Na história das COPs, pelo menos nos últimos dez anos, as sugestões econômicas até agora foram todas centradas em duas premissas. A primeira é como ajudar os países a definir e satisfazer suas NDCs. Essa tem sido uma das vacas sagradas da COP, e mesmo assim elas não estão sendo cumpridas, em parte porque não há nenhum mecanismo de penalização. E mesmo que as NDCs fossem plenamente satisfeitas, a ciência mostra que isso resultaria em um aumento de 2,7ºC da temperatura acima do período pré-industrial. É um desastre total. Temos que admitir que essa meta, mesmo que fosse atingida, não é adequada.
A segunda premissa é que, de alguma maneira, você vai fazer o dinheiro fluir dos países mais ricos para os mais pobres através de uma mágica financeira.
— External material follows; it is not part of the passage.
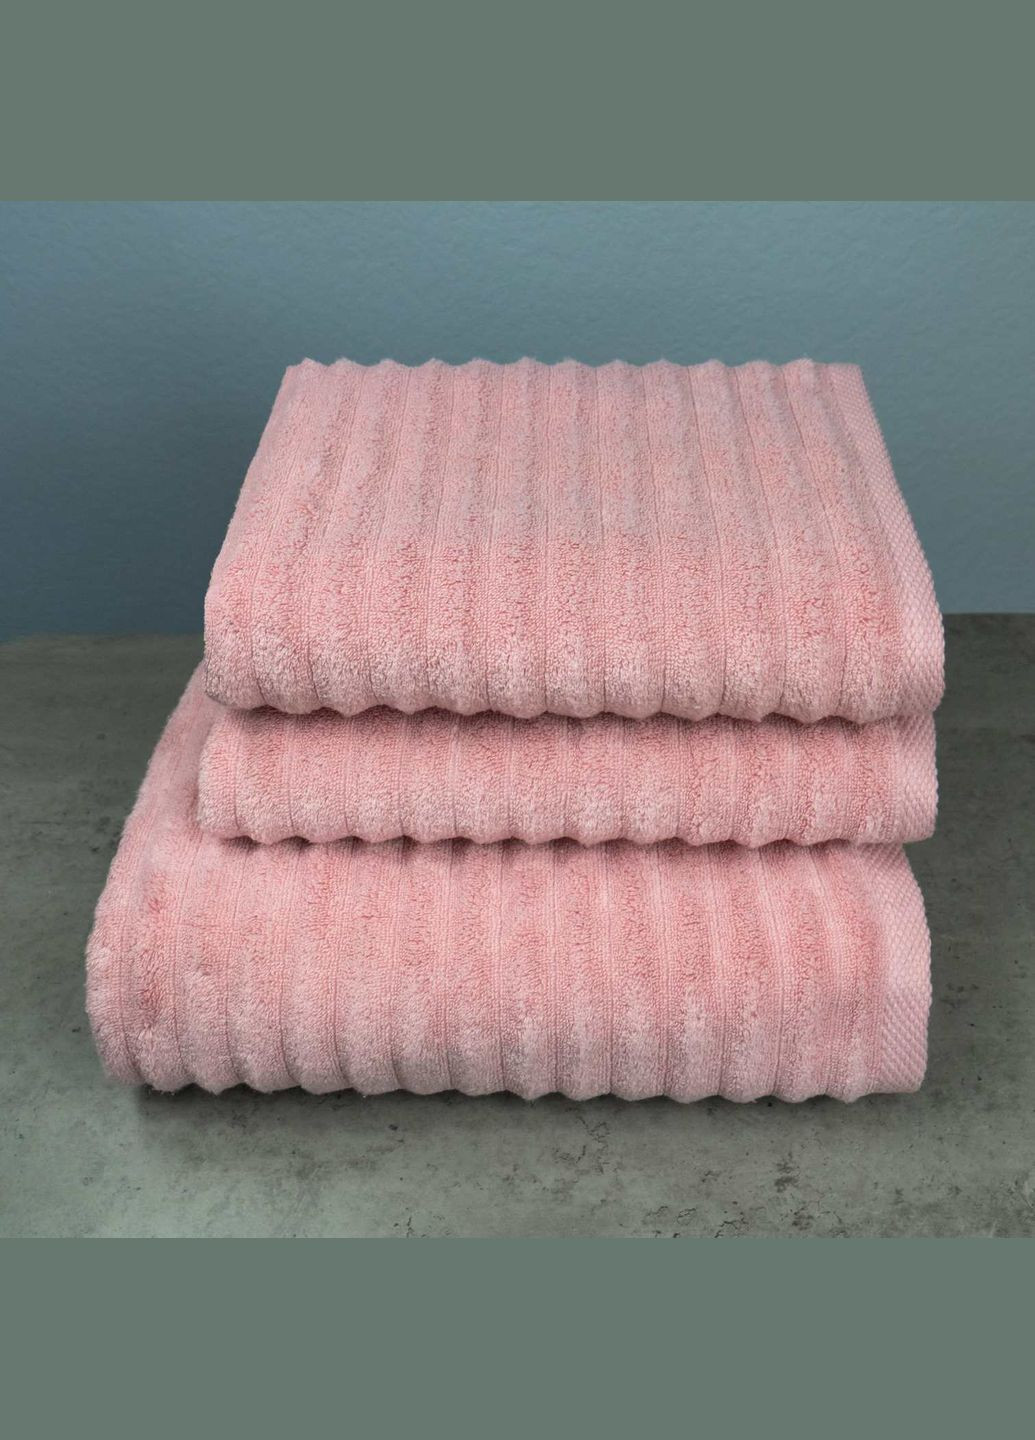 GM Textile набор махровых полотенец зеро твист 3шт 50x90см, 50x90см, 70x140см 550г/м2 () розовый производство -

Olho pra isso e penso: como é que esse negócio vai funcionar? Como é que isso vai chegar no resultado almejado? Não tem mágica financeira. Então, reunimos o comitê e decidimos que a gente precisava de soluções novas, realmente novas.
Ele comenta outras duas propostas do grupo que serão apresentadas para avaliação da presidência da COP30, voltadas para adaptação e justiça climática.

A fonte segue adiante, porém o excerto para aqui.